Pour absorber le lecteur dans la marche effrénée de cette ville et surtout rendre perceptibles les bourdonnements de son urbanité, Muñoz use de peu de tableaux d’ensemble, optant plutôt pour des vues fragmentaires dispersées dans le désordre des récits, à l’image des brèves œillades que l’on jette de tous côtés quand on se sent plus ou moins perdu dans un lieu de passage. Ce montré est à saisir tel quel, in situ dans la page, sans didactisme. On y trouve donc peu d’images emblématiques mais, en revanche, beaucoup d’effets de synesthésie, car la bande dessinée a pour vocation chez Muñoz d’exprimer d’abord un univers de perceptions et de sensations filtrées par la subjectivité. Enfin, il n’y a pas de couleur locale dans cet univers : s’il faut suivre pas à pas des personnages immergés dans l’hyper-cité, adopter leur parcours et leur point de vue, transiter avec eux, il ne saurait être question de calquer le trajet touristique. Avec cet excédent de « picturalité » qu’il porte en lui, le noir et blanc peut certes servir de rempart à cette tentation.

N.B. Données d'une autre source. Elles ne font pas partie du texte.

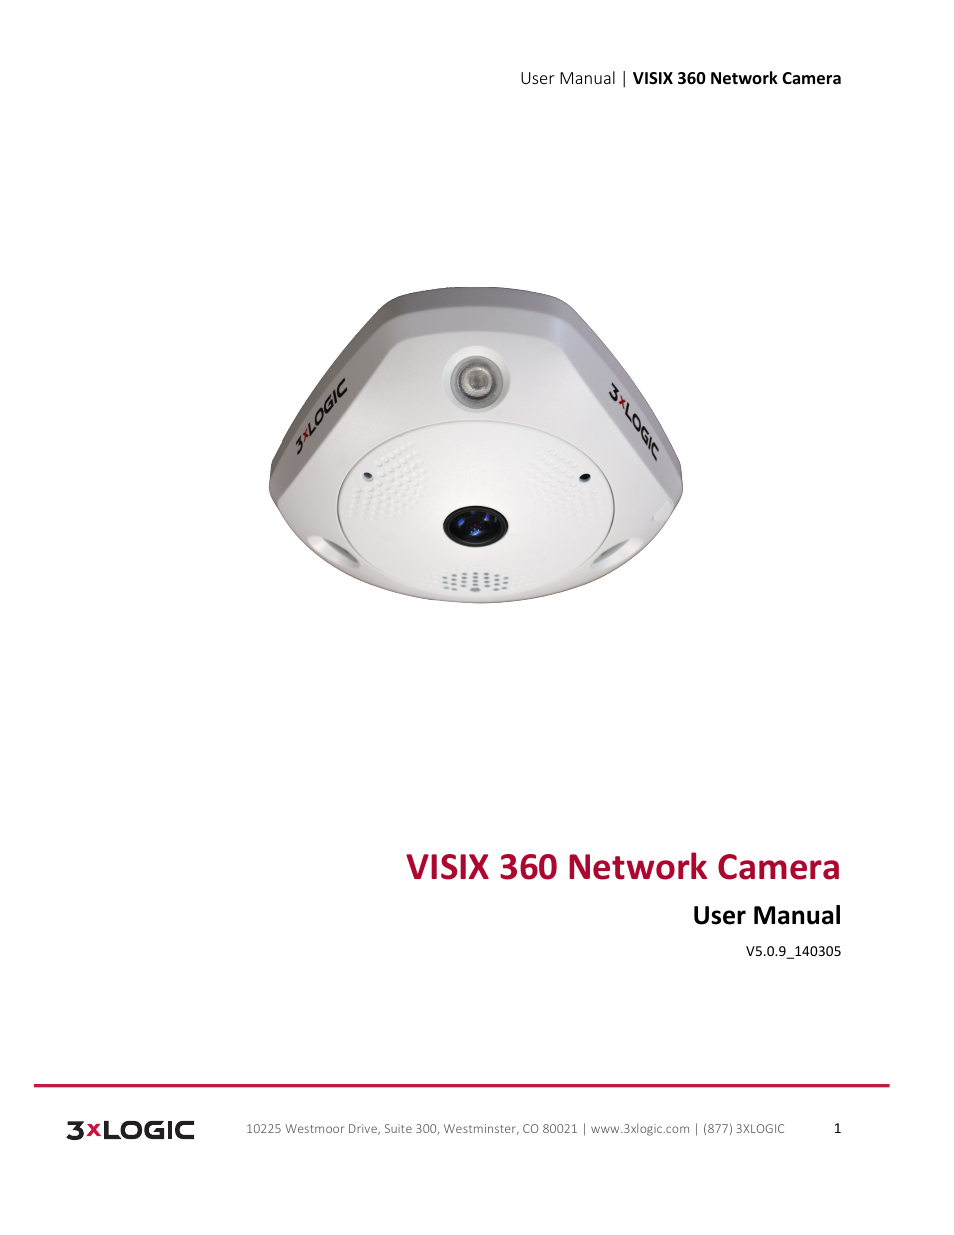 3xLOGIC VISIX Camera User Manual | 75 pages

Bien qu’il soit figuratif, le graphisme de Muñoz est souvent prompt à se fondre dans des notations quasi « abstraites », allégées et presque purgées de leur visée narrative, ainsi que le montrent les très gros plans, les cassures d’échelle ou les violents décadrages qui pullulent dans ses albums. Les enjeux narratifs ne sont jamais loin du tracé qui les porte à la vue, y compris dans ces fréquents décrochages visuels. Le langage pictural de Muñoz ne cherche pas plus à faire corps avec le réel qu’avec sa représentation ; il aime s’afficher avec impudeur et soutenir une idée toute subjective, « floutée » dirais-je, de la réalité [2]. Cela se voit aussi dans les faciès et les corps des personnages émergeant d’un composé expressif de taches et de lignes, assemblé aussi diversement et distinctement que s’il s’agissait d’idéogrammes dénominatifs. Faune grotesque hantant le pourtour d’un cauchemar jamais tout à fait attesté ni infirmé dans le récit. C’est peut-être quelque chose de cet ordre qu’exprimait un Alack Sinner plus perplexe que jamais, au cœur d’une intrigue trouée à souhait : « Je rêvai systématiquement, jusqu’à ce que je me mette à rêver que je rêvais. » [3]. À travers cette tension de tous les instants du graphisme, ce qui traverse le récit de part en part, c’est une idée plus forte que le sens et qui dégage du trait une vérité esthétique aussi forte que l’histoire elle-même. Certains personnages principaux (la Sophie et le Pepe des débuts, le Joe du bar éponyme ou l’Esther du Croc du serpent [4] pour ne mentionner que ceux-là) ainsi que la plupart des personnages secondaires, promènent des « tronches » qui comptent au nombre des attributs visuels par quoi l’on se convainc que, dans ce monde-là, « l’habit fait le moine ». Un fardeau de gravité et de déterminisme accable l’univers de Muñoz et Sampayo. Et cela donne à penser que, si le libre-arbitre y trouve place, ce n’est assurément que pour faire contrepoids à la fatalité qui se dévoile plus qu’ailleurs peut-être.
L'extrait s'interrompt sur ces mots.